Thanky you for the from-the-heart comment.
-
-
It was an interesting read, though it was hard to relate to the main character, mainly because he knew nothing of our world. I like how he said "And as every human, I guess, he waited for no answer," It was funny, and I could totally see how he could come to that conclusion.
It was sad that he wasn't even good enough to be a fallen, but how can a fallen become a devil? Fallens can't become an Angel, could they?. Rewarded 8
-
I liked the ending. It makes me want to know what happens next, it could almost be a totally different story. You might play around with telling this story from different angles, each character is going to have a different perspective and maybe put different perspective together and it might add some depth. Either way it's your choice. Good Job!
. Rewarded 4
-
This is a very curious story. I liked it but felt, for some reason, a strange distance between the pain character and me as the reader. It's difficult to have main character in first person when the character knows little of the things most people know, it makes it hard for the readers to relate to the character.
There were a few spelling errors and a few grammatical errors as well, but it was still a great story. It looks like you put a lot of work into it.
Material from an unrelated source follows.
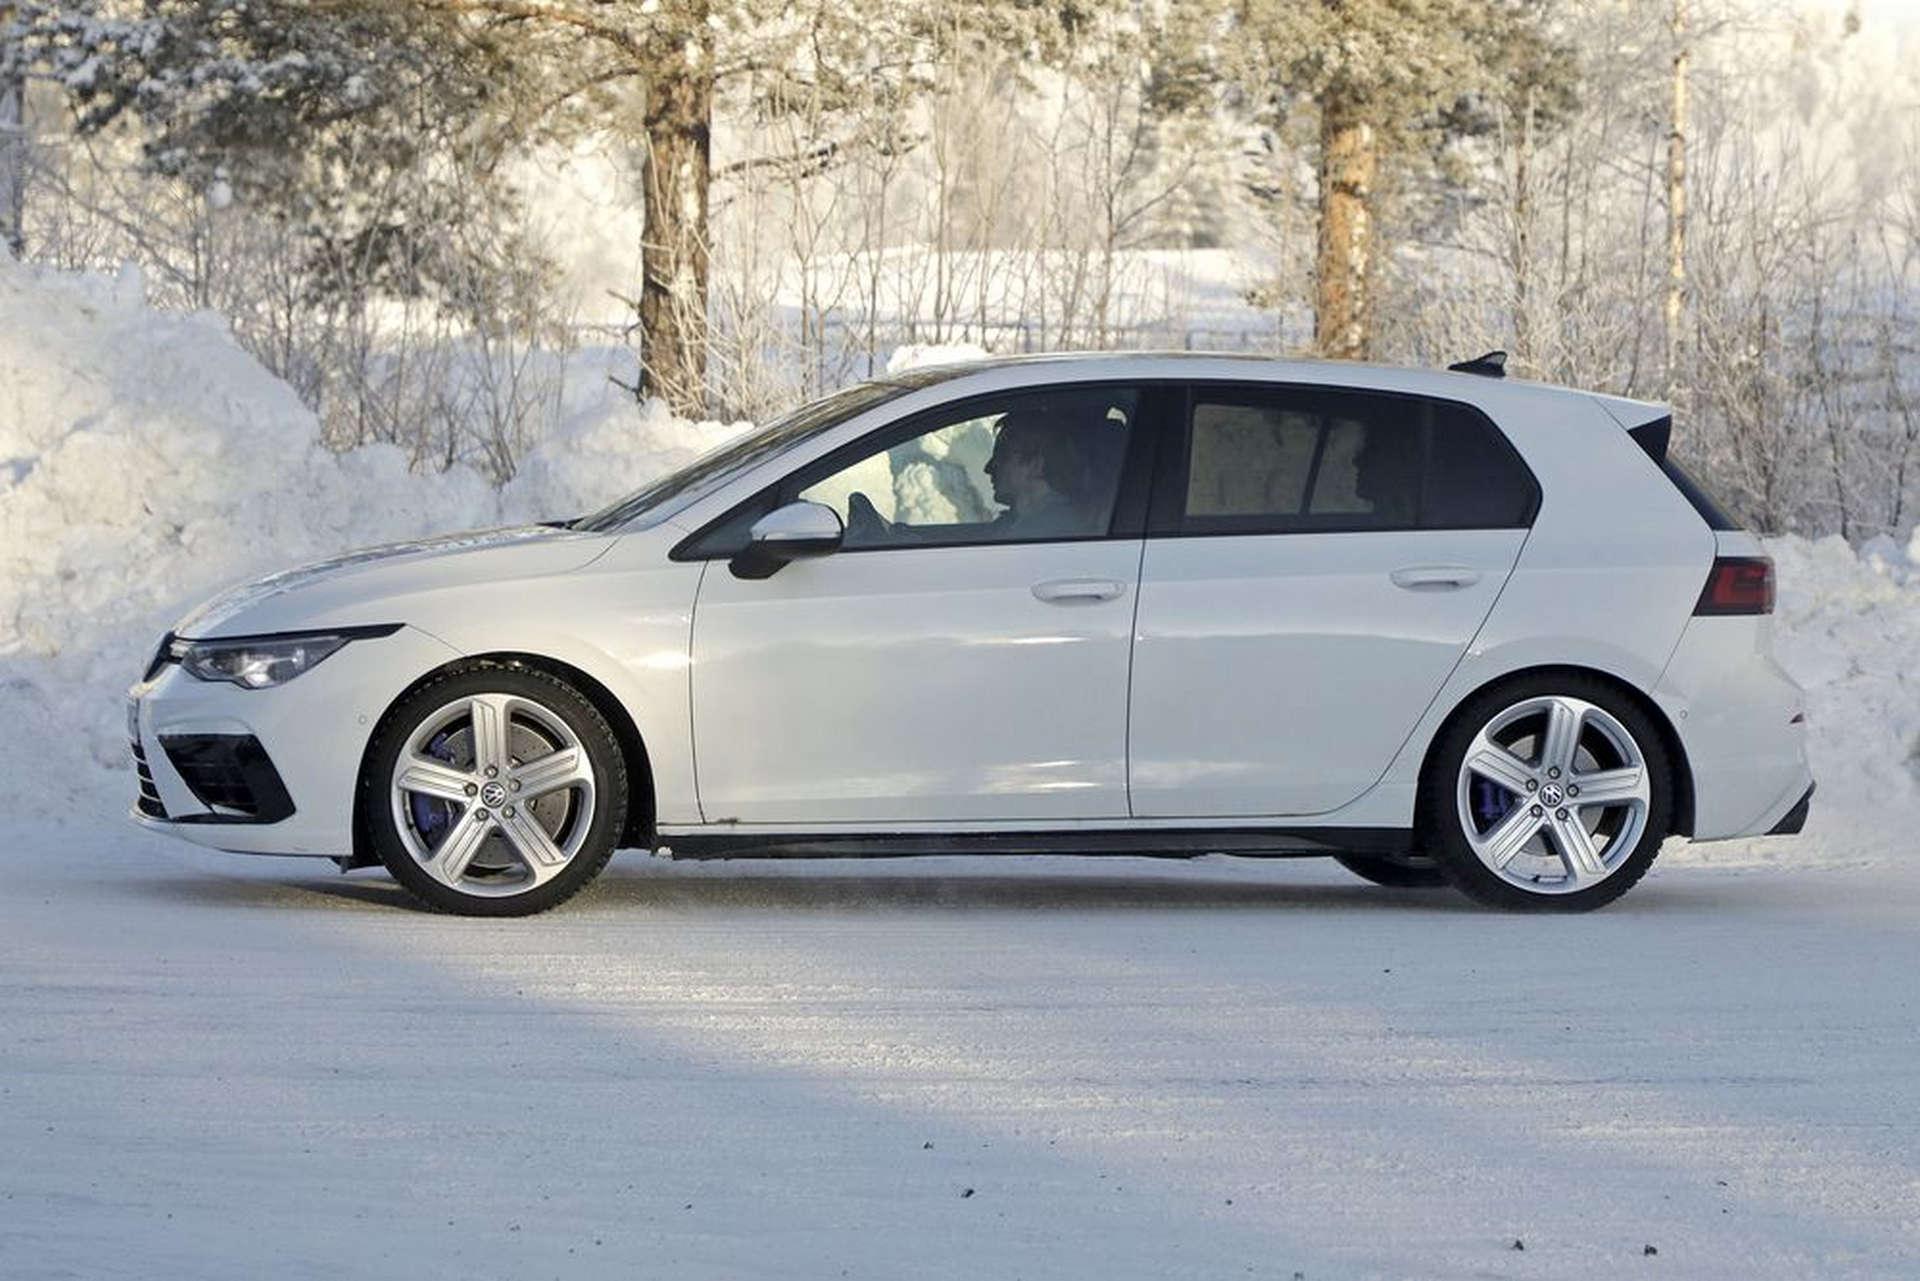 Volkswagen MK8 Golf R Spy Shots Testing Side Profile

Good job.. Rewarded 4
-
Very Good .... and very good title
I love when titles catch my att. to a story and it turns out to be good
. Rewarded 4
-
Amazing. Truly amazing. A could of spelling errors, for example I think I saw 'grouse' at a apoint that should have 'gross', but aside from that thhis was simply astounding.
. Rewarded 4
-
great
ausome

-
very interesting, i liked it a lot
-
I didn't really have time to read the entire thing, it was a bit long... I skimmed it, but I liked what I read. Good job! And good luck!
-
Great work!
This is a great piece of work. Well written. Thanks for the read. I enjoyed reading it. Keep it up!
-
Oh, I love it. You've found one of my weaknesses (that people somehow keep exploting). I've always loved fallen angels, and your character is so unique in that respect! The last line intrigues me, though; why were his eyes red? And he had no name, even in heaven, he didn't? Ah, but I loved it. Great job.
-Ethan -
-
I'm glad you liked it
First of all, his eyes turned red as he began to turn into a devil from all the evil he saw. He stopped believing in everything good and ... well... This is the way I see it - sometimes what people do can turn good people into bad ones.
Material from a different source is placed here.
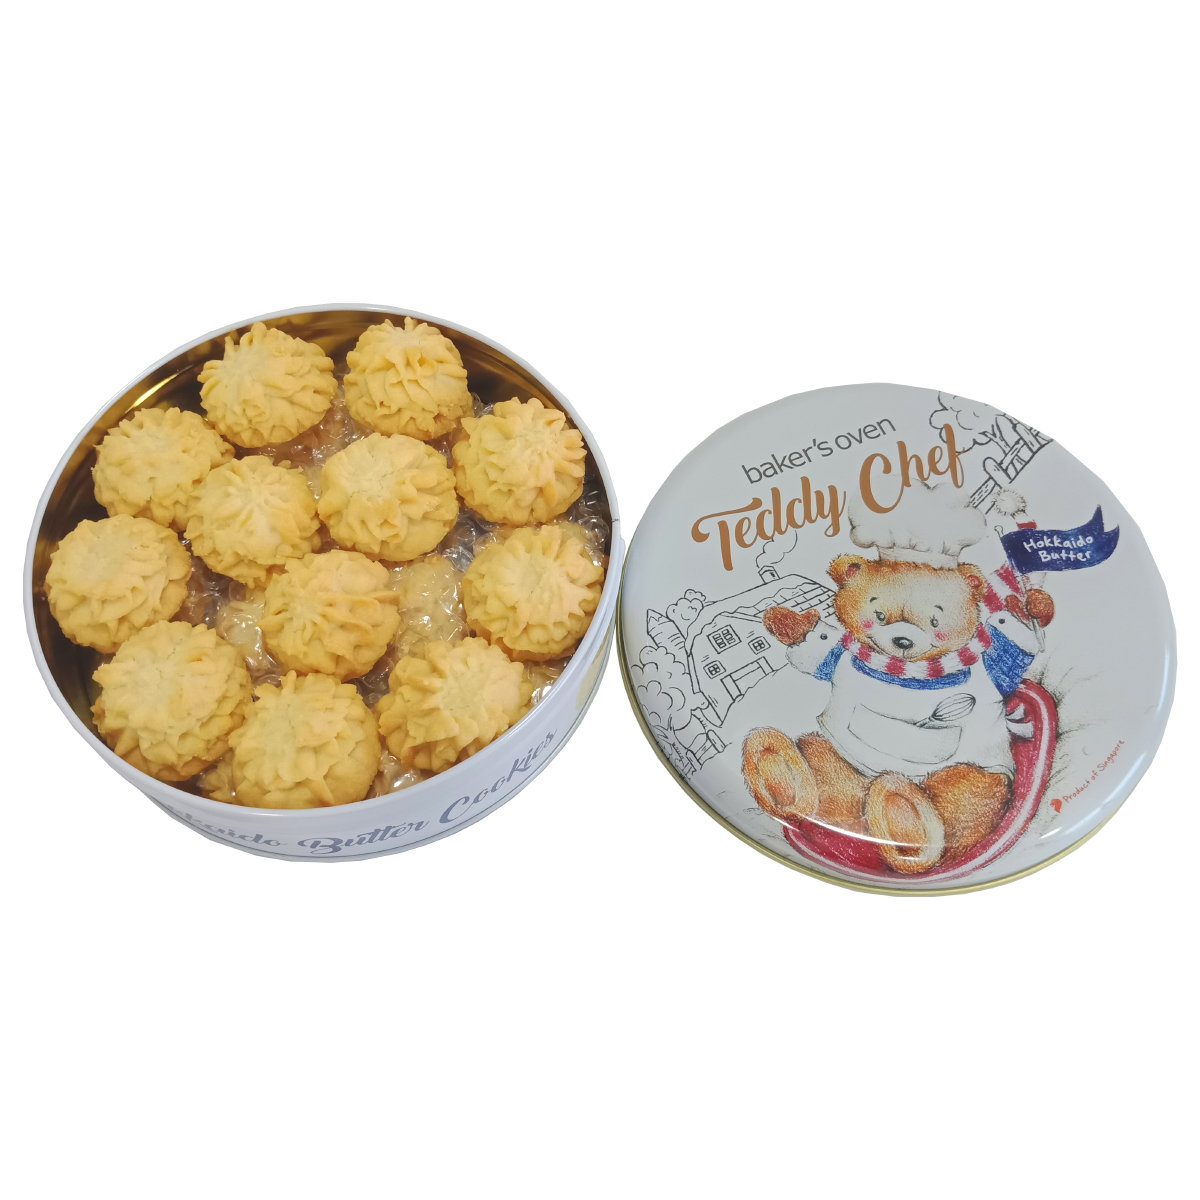 Teddy Chef - Hokkaido Butter Cookies | Baker's Oven

Well... His name... It would be stupid to give an angel a human name. I wanted to make him as perfect as I could and dicided not to give him a name... In my openion, in heaven angels don't need names as they know each other and need not to call each other because understanding is a part of their pure life... almost..
I'm glad you liked it. Thanks for the encouraging words.
Take care
xoxox
-
-
Awesome
This was absolutely awesome. There were some spelling errors but I loved this. Absolutely great.

-
-
I'm glad
Thank you for taking time to read my story... I'm really glad you liked it. I hope the theme and aim is clear to everyone though...
I hope you did understand what he eventually turned into - a devil... or at least something evil.
Thank you for your comment. I find your words very encouraging.